Word for word, reproduce the listing that follows, excluding any pictures it contains.

### Data below
┏━━
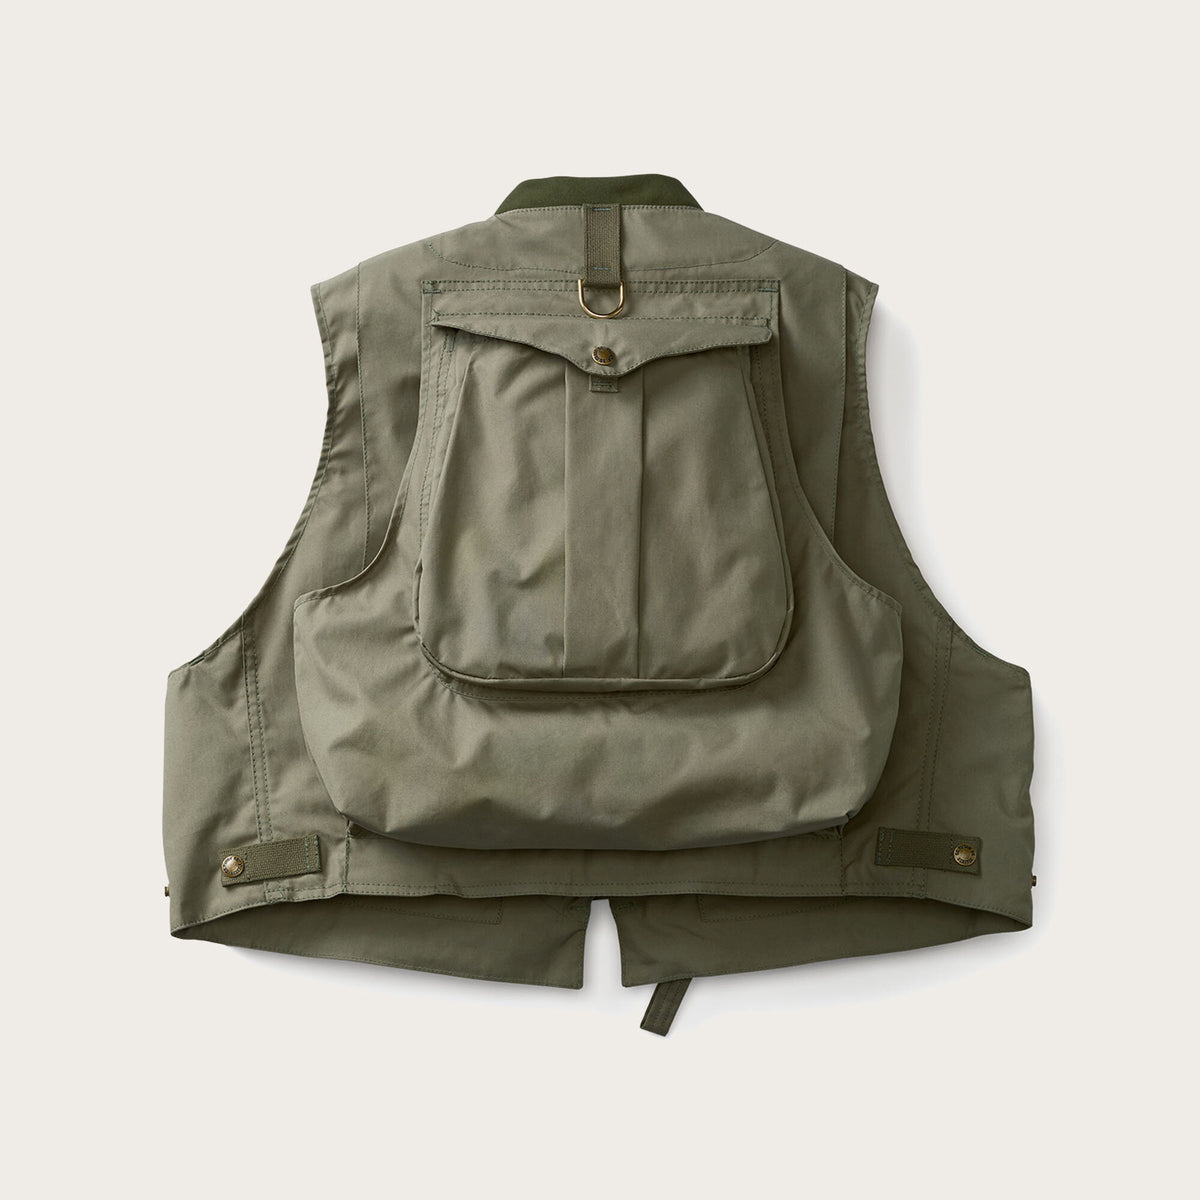 Filson Fly Fishing Guide Vest, For Men, Green Vests
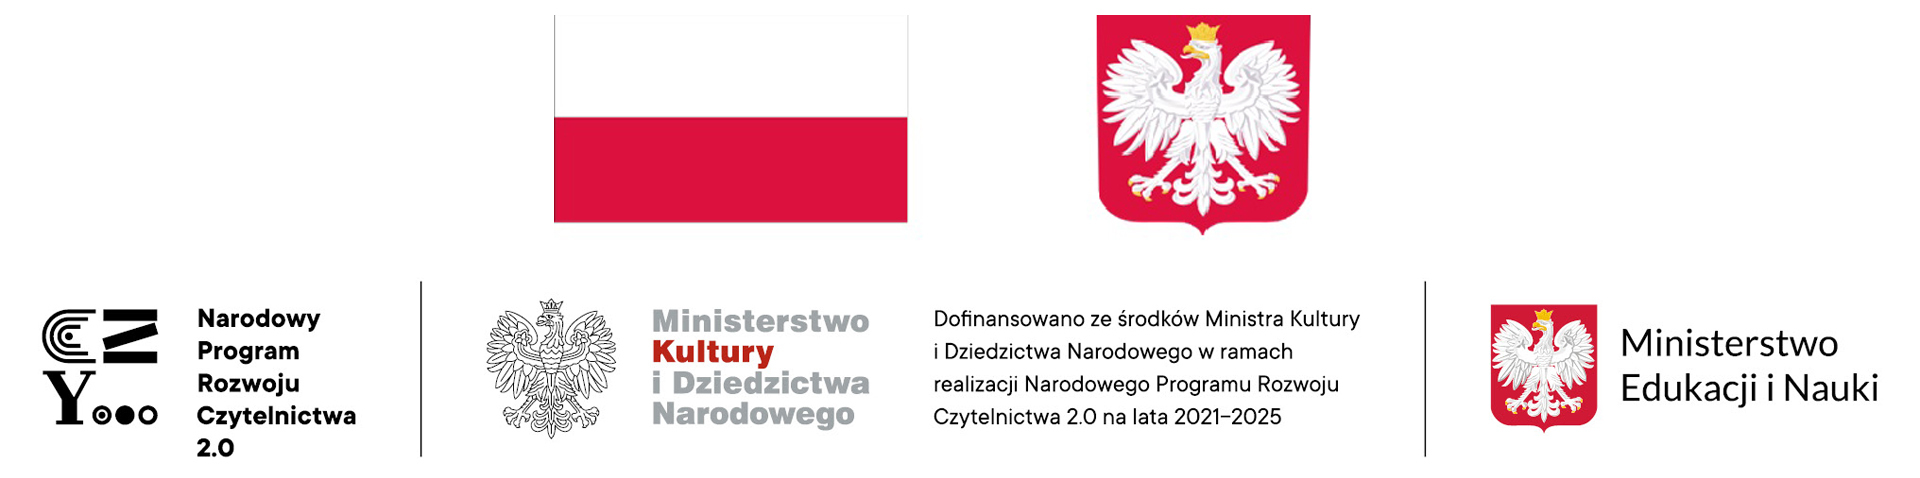 flaga i godło Polski.jpg
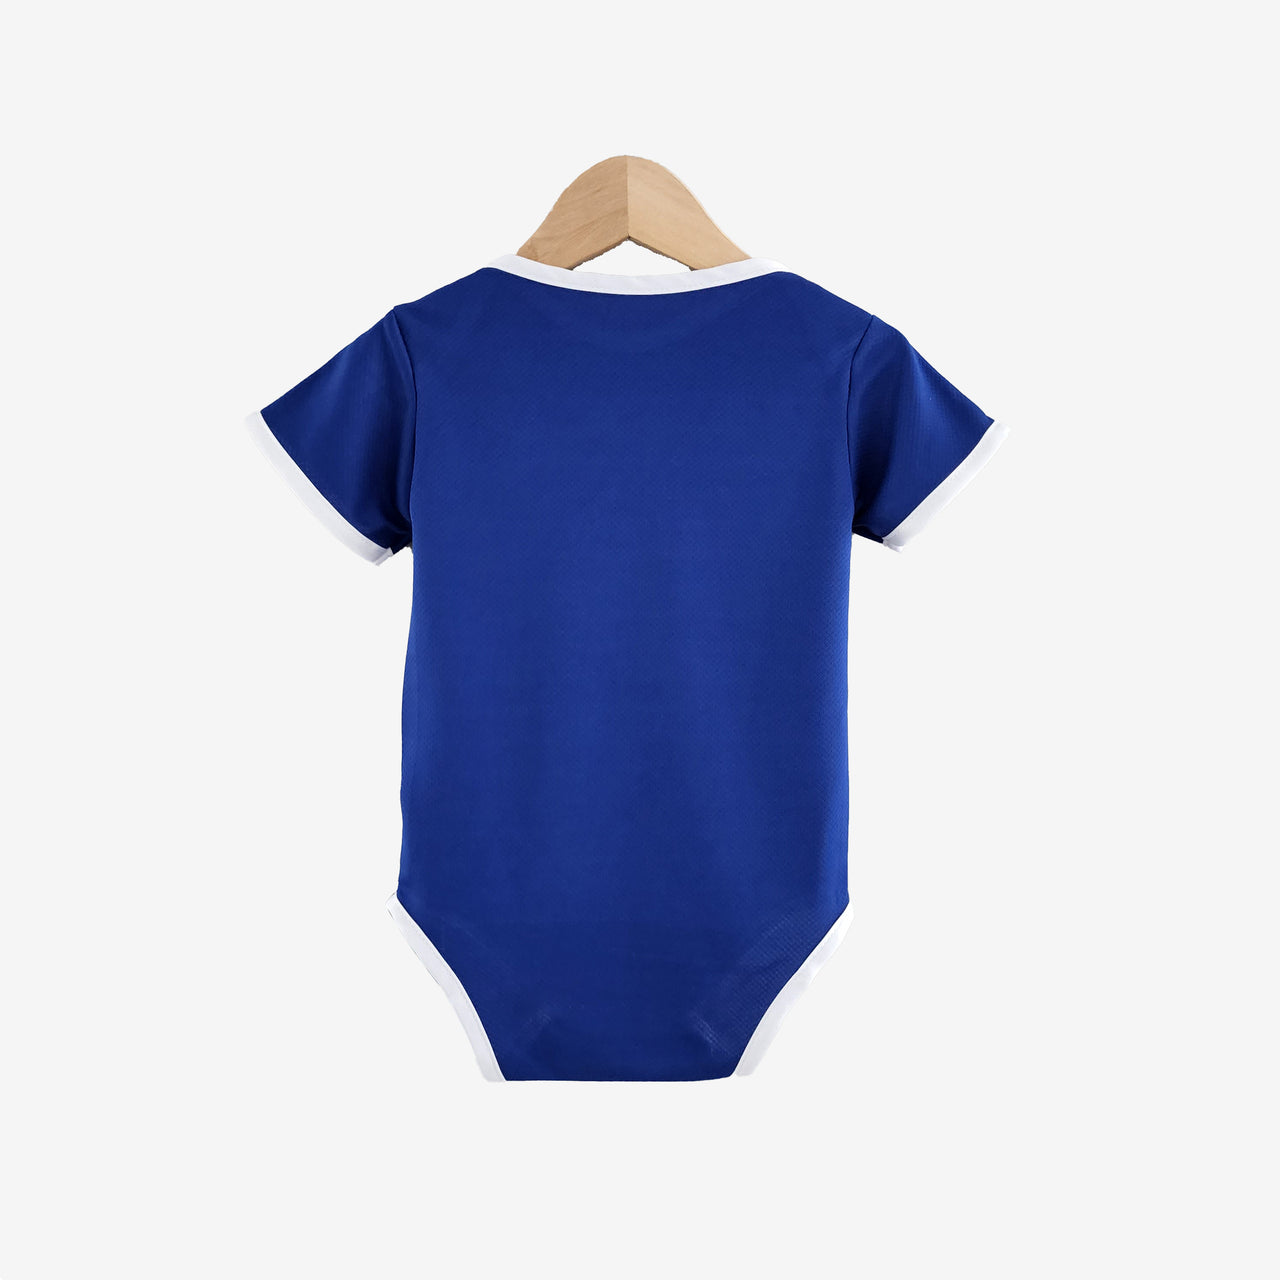 Chelsea F.C Infant Bodysuit 22/23
┗━━
### Solution to the exercise
 Filson Fly Fishing Guide Vest, For Men, Green Vests
 flaga i godło Polski.jpg
 Chelsea F.C Infant Bodysuit 22/23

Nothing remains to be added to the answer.